CONSTANT-CURRENT SOURCE
WHY?
I'll admit that we're getting pretty esoteric here, but bear with me -- constant-current sources do have their place in the world of model trains. If you think back to the discussion on Ohm's Law, you'll know that the current through a resistor varies according to (a) the voltage, and (b) the resistance. But what if you want the current to be constant regardless of typical voltage variations -- such as the headlamp in a locomotive? Enter the "Constant-Current Source" (CCS), a handy way to sorta' "amend" Ohm's Law on a case-by-case basis.
For power supply voltages greater than 12 volts and output loads less than 1mA, R1 = 10K is a good starting point. Then, if we assume the transistor is OFF, the output current will all flow thru R2, producing a voltage equal to I(out) x R2. If I(out) increases such that the voltage drop across it exceeds the voltage required to forward-bias the Base-Emitter
junction of the transistor (about 0.65V), then the transistor will begin to turn ON, causing current to flow from its Emitter to its Collector, and hence to ground. This "shunts" current away from the output, thereby causing the output current to remain virtually constant right at the value where conduction begins. If we let R2 = 6.2K, then the magical value of output current is given by I(out) = V/R =
0.65/6200 = 0.000105A, or about 0.1mA.
DO I REALLY CARE?
You're probably wondering, "What am I gonna' do with a constant current of only 100uA?" Practically speaking, not too much...although it is a good value to produce a linear voltage ramp on a capacitor (remember: if you charge a cap thru a
resistor, the voltage will increase exponentially, not linearly; sometimes it matters). Let's try to think of something a bit more useful here: suppose we wanted to illuminate an LED with a constant 15mA (0.015A); what values of R1 and R2 would be called for? Using the formula R = V/I, we'd calculate R2 = 0.65/0.015 = 43.3 ohms, so we'd hunt for a 43 ohm resistor, and probably end up setting for 39 or 47 ohms (or even paralleling two 82 ohm units to produce a closer fit of 41 ohms). If we're using a 12V supply, then we'll want R1 to drop the "leftover" voltage; we've got 2.2V on the LED and 0.65V across the transistor, so the remaining 12-2.2-0.65 = 9.15V would indicate R1 = 9.15/0.015 = 610 ohms. Did you spot the fly in the ointment?
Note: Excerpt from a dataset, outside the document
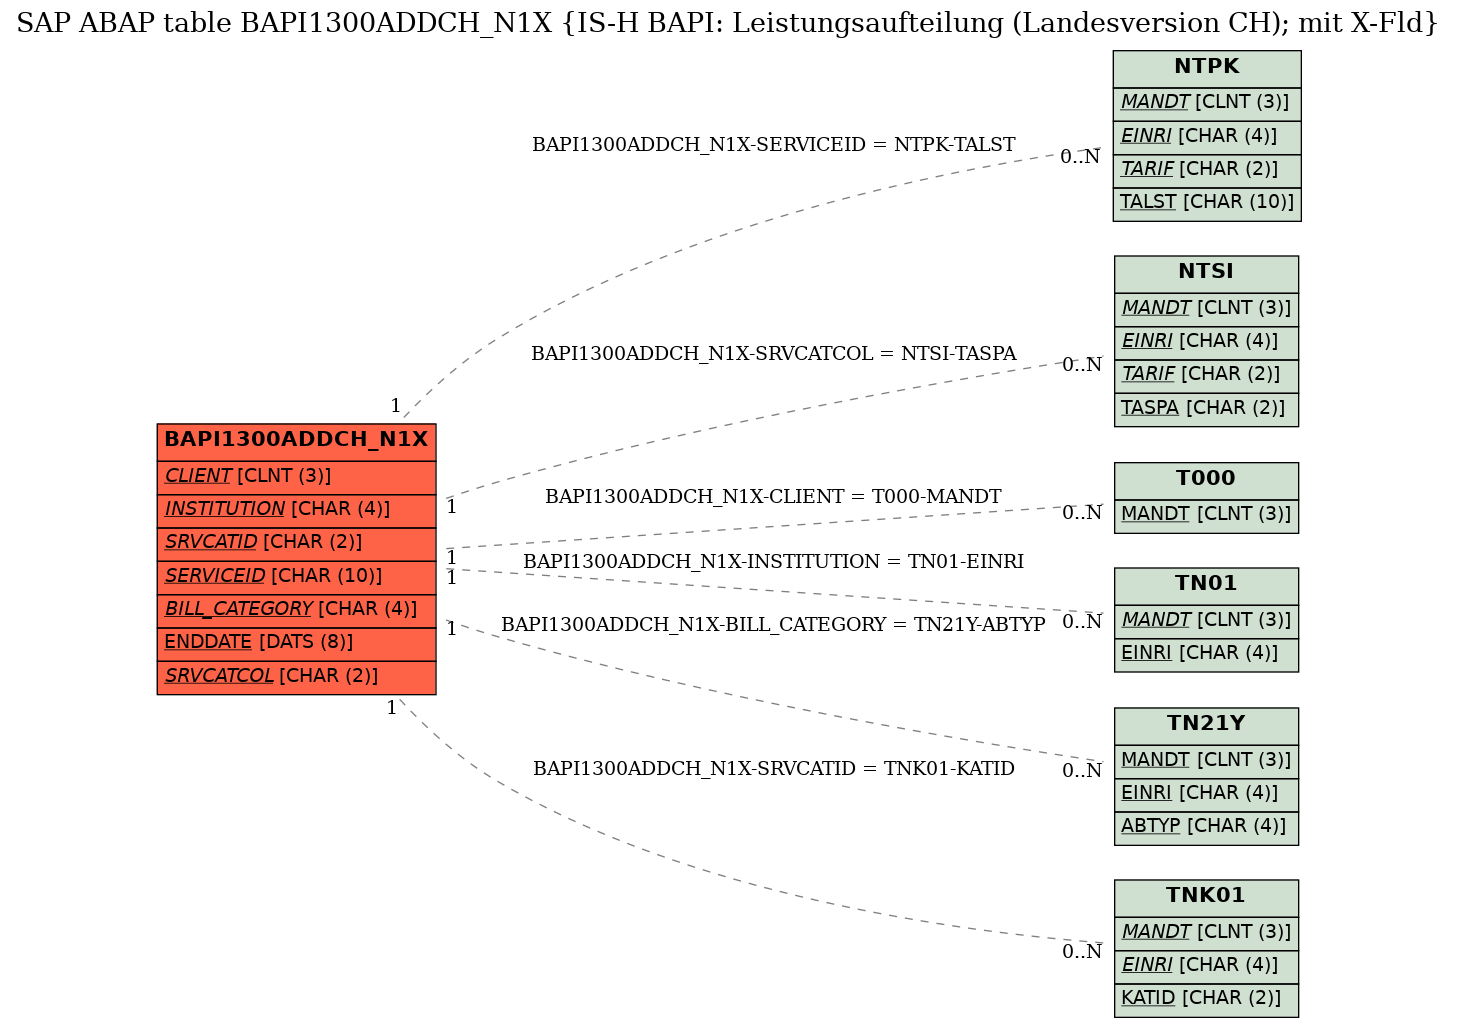 E-R Diagram for table BAPI1300ADDCH_N1X (IS-H BAPI: Leistungsaufteilung (Landesversion CH); mit X-Fld)
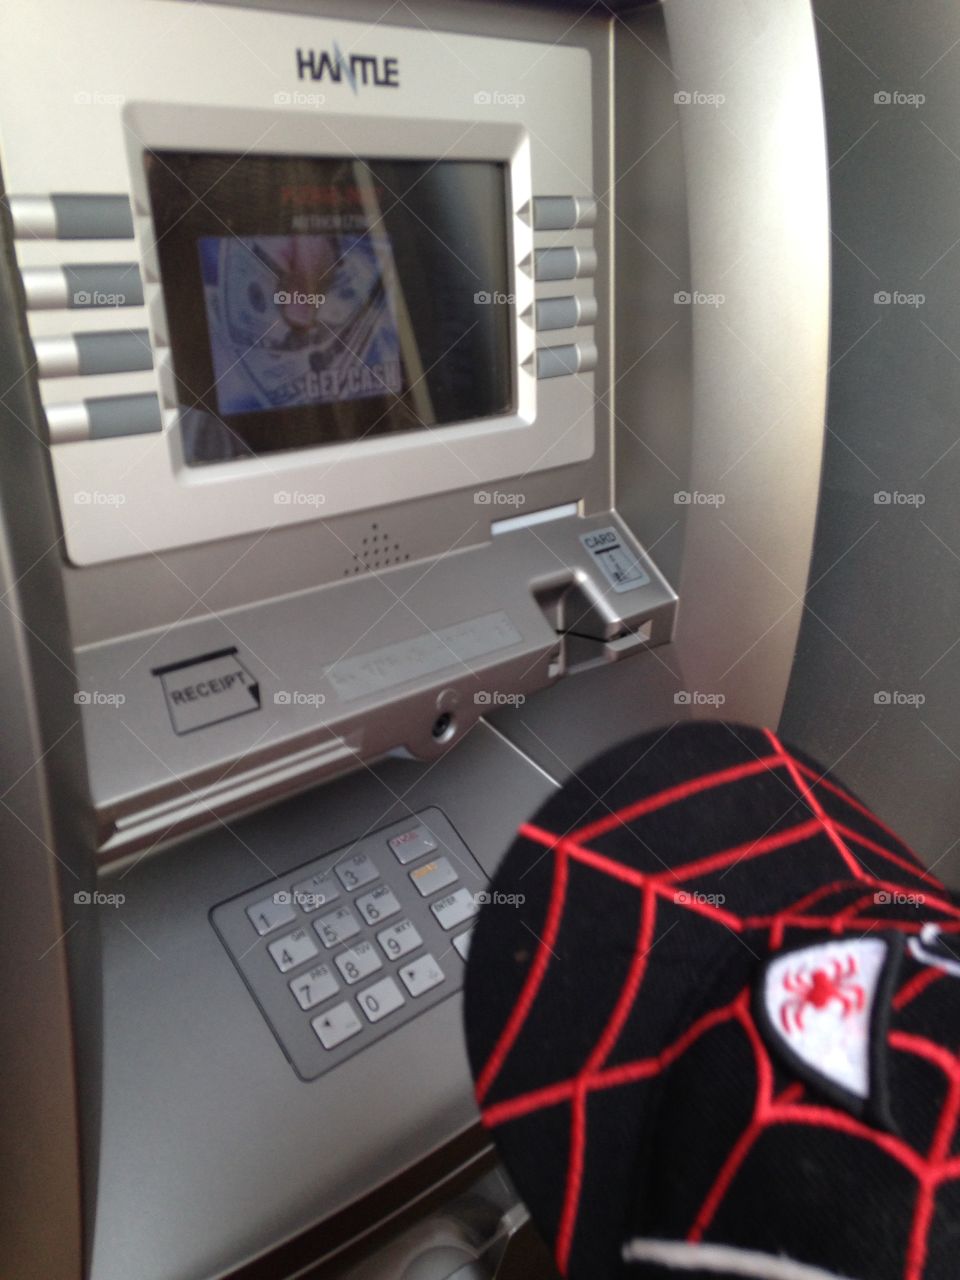 Spider-Man ATM

It's the assumption of a 12V supply; if it were constant, then we wouldn't need the CCS... resistor would work just fine. But now imagine that the supply varies between 6 and 12 volts, but we want 15mA thru the LED at all times (ie, constant brightness) -- if we recalculate the minimum voltage across R1, we get V = 6-2.2-0.65 = 3.15; so R1 needs to be R1 = 3.15/0.015 = 210 ohms (use 220 or 200). Give this a try in the old laboratory just to convince yourself it really works: vary the supply voltage from 6 to 12 and observe the constant brightness of the LED. Once you're convinced, you can amaze your friends (or in my case, our Basset Hounds, who watch everything I do on the bench very closely).